Oswell E. Spencer; Resident Evil, Based On Real EL-ites
There's nothing new under the Sun, & no coincidences in such things that follow;
Oswell E. Spencer
Coat of Arms
"I was to become a god... creating a new world with an advanced race of human beings."
Dr. Oswell E. Spencer, Earl Spencer (c.1923-2006) was an aristocratic British billionaire, virologist and eugenicist. One of the founders of Umbrella Pharmaceuticals, Lord Spencer was the CEO and President for its entire existence, which saw its expansion as the Umbrella Corporation over the 1980s as well as its bankruptcy in 2003.
A cold, ruthless elitist and ambitious individual, Spencer mercilessly eliminated his rivals and gradually increased his power within the company, which he strictly controlled behind a veil of darkness. Spencer had a vision to remake the world and lead it into a new era, seeing the world's current state as self-destructive. He intended to use the research data accumulated from Bio Organic Weapons to carry his vision out and mould a utopia for mankind with himself as its ruler.
Spencer was born into the prestigious Spencer family, considered for generations to be among the European elite. Growing up in his family's castle overlooking a cliff on the British coastline, the young heir to the Spencer fortune was given a wide-ranging education, and developed hobbies of art collecting and hunting as befitting of his status. Among his studies were classic literature, Early Modern humanist treatises, and the mid-20th century eugenics movement. His personal favourite was the Natural History Conspectus, a rare late Victorian encyclopaedia which chronicled a 34-year trek through Africa by British explorer Henry Travis. During Spencer's teenage years, Europe was plunged into the Second World War. Nothing is known of Spencer's life during this period of time, including whether or not he avoided conscription, though it is known his experience living during the war helped form his world views.
By the 1950s, Spencer was a university student training to be a physician. There he became close friends with Edward Ashford and an older student, Dr. James Marcus. While taking a solo hiking trip in Eastern Europe, he became lost due to his inexperience in the unfamiliar terrain and collapsed on a snow-covered road. There, he was rescued by Miranda, the priestess and biologist of an isolated mountain village which worshipped the Black God. Taken in by Miranda as a protégé, Spencer learned about the Mold and its ability to mutate, assimilate and replicate lifeforms, which inspired him a means to achieve evolutionist goals. Although he enjoyed his time with Miranda and the vast biological knowledge he gained from her, the two held very different world views, as Miranda longed to revive her deceased daughter while Spencer wished to change the world. Consequently, Spencer decided to leave the village, but would continue to keep in touch with Miranda by writing to her.

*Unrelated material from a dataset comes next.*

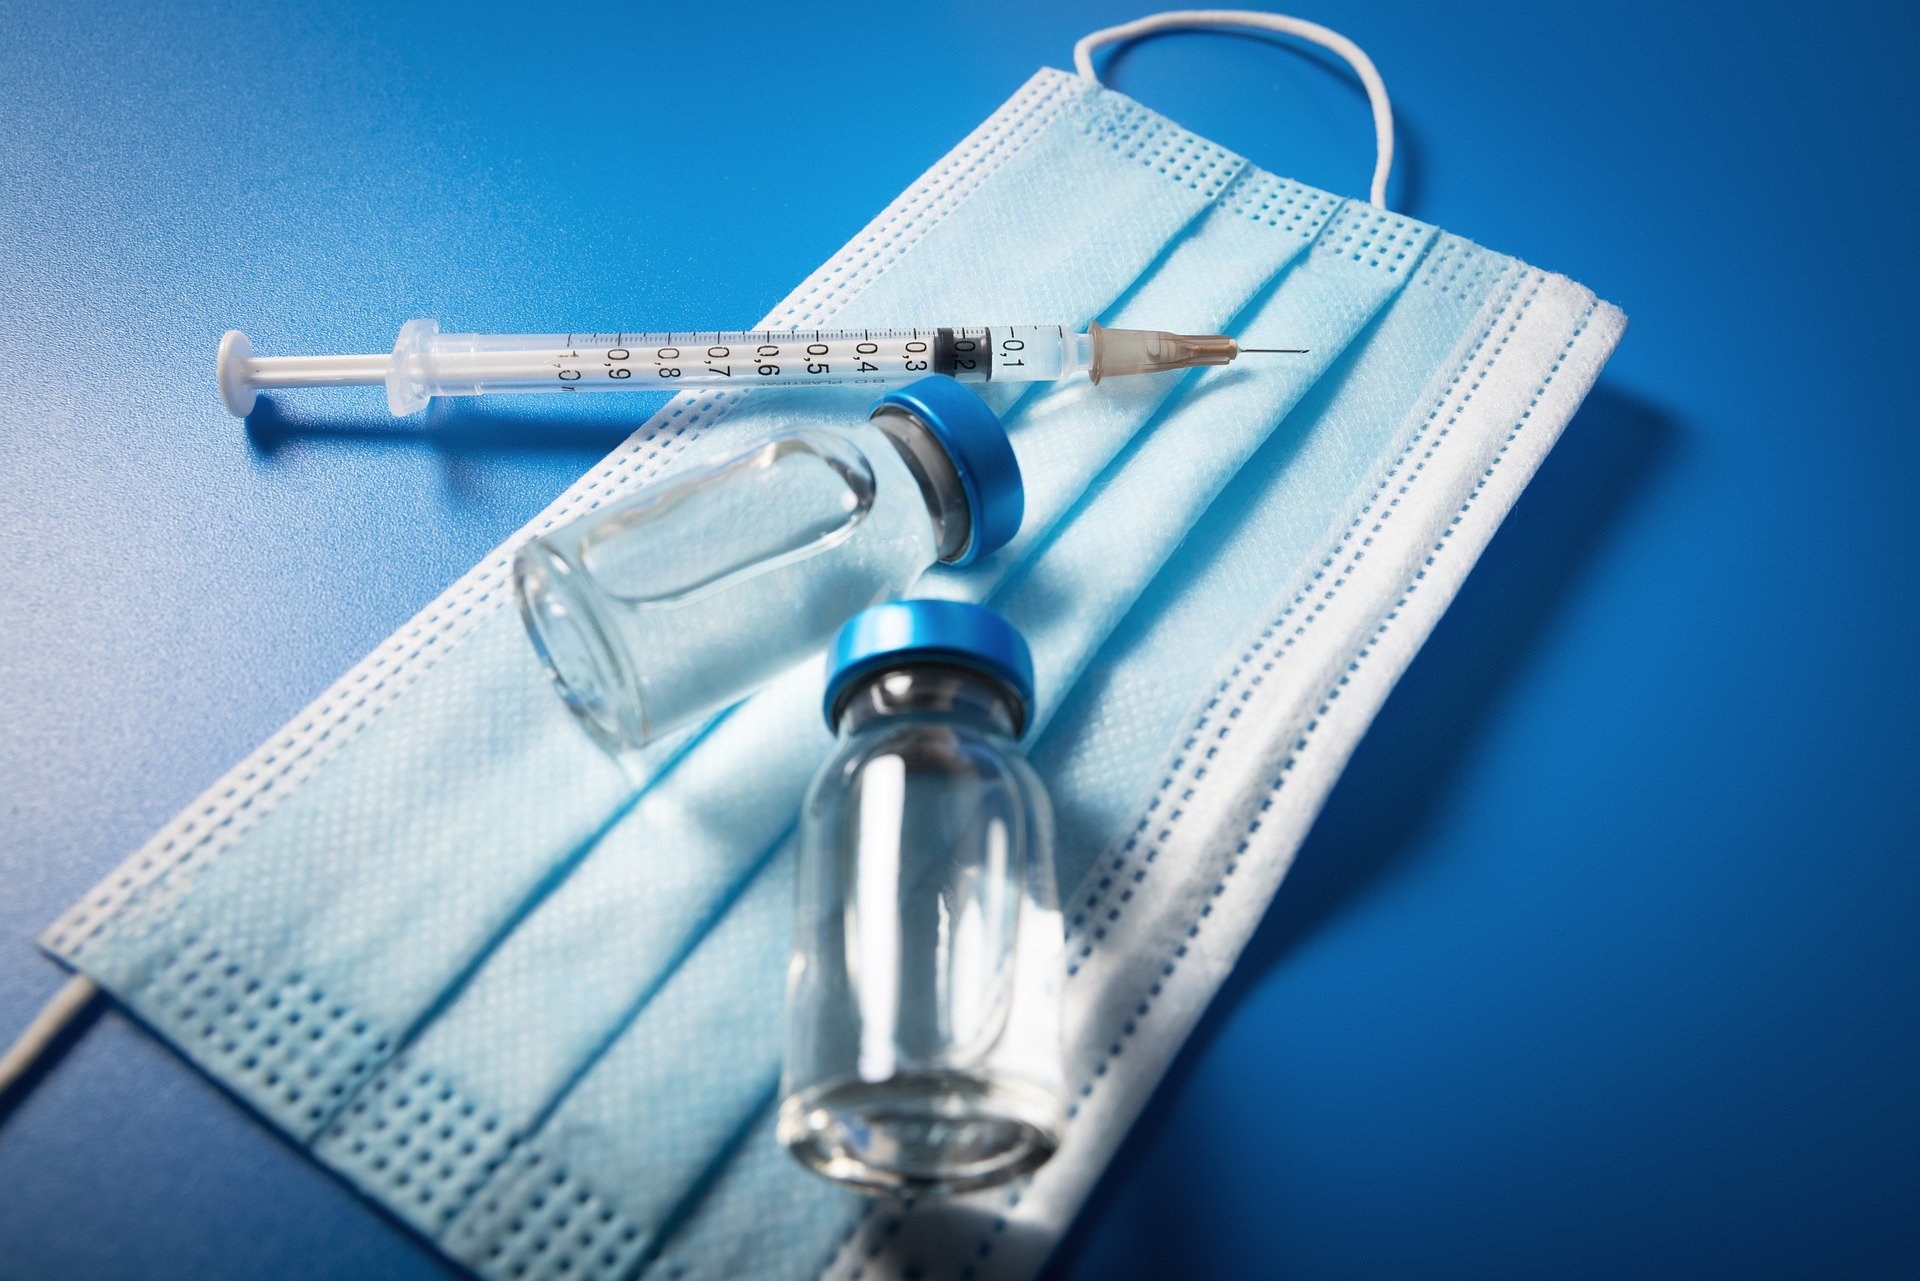 Trung tâm chỉ huy tuyên bố, từ ngày 25/11 có thể tiếp nhận tiêm vắc xin ở các cơ sở y tế, bệnh viện chỉ định. (Nguồn ảnh: Pixabay)

Returning to his university a changed man, Spencer became driven to replicate Miranda's achievements in his own way, as he deemed the Mold ineffective to achieving his goals. With the Cold War intensifying, Spencer began to view humanity as a race destined to fall, and believed that only through evolving mankind and attaining a superior moral code could this be averted. Though he lacked a means to accomplish this, he believed the answer lay within the emerging field of virology. Soon, Spencer formed a eugenics circle of likeminded scientists, including Marcus and Ashford, as well as Lord Beardsley and Lord Henry.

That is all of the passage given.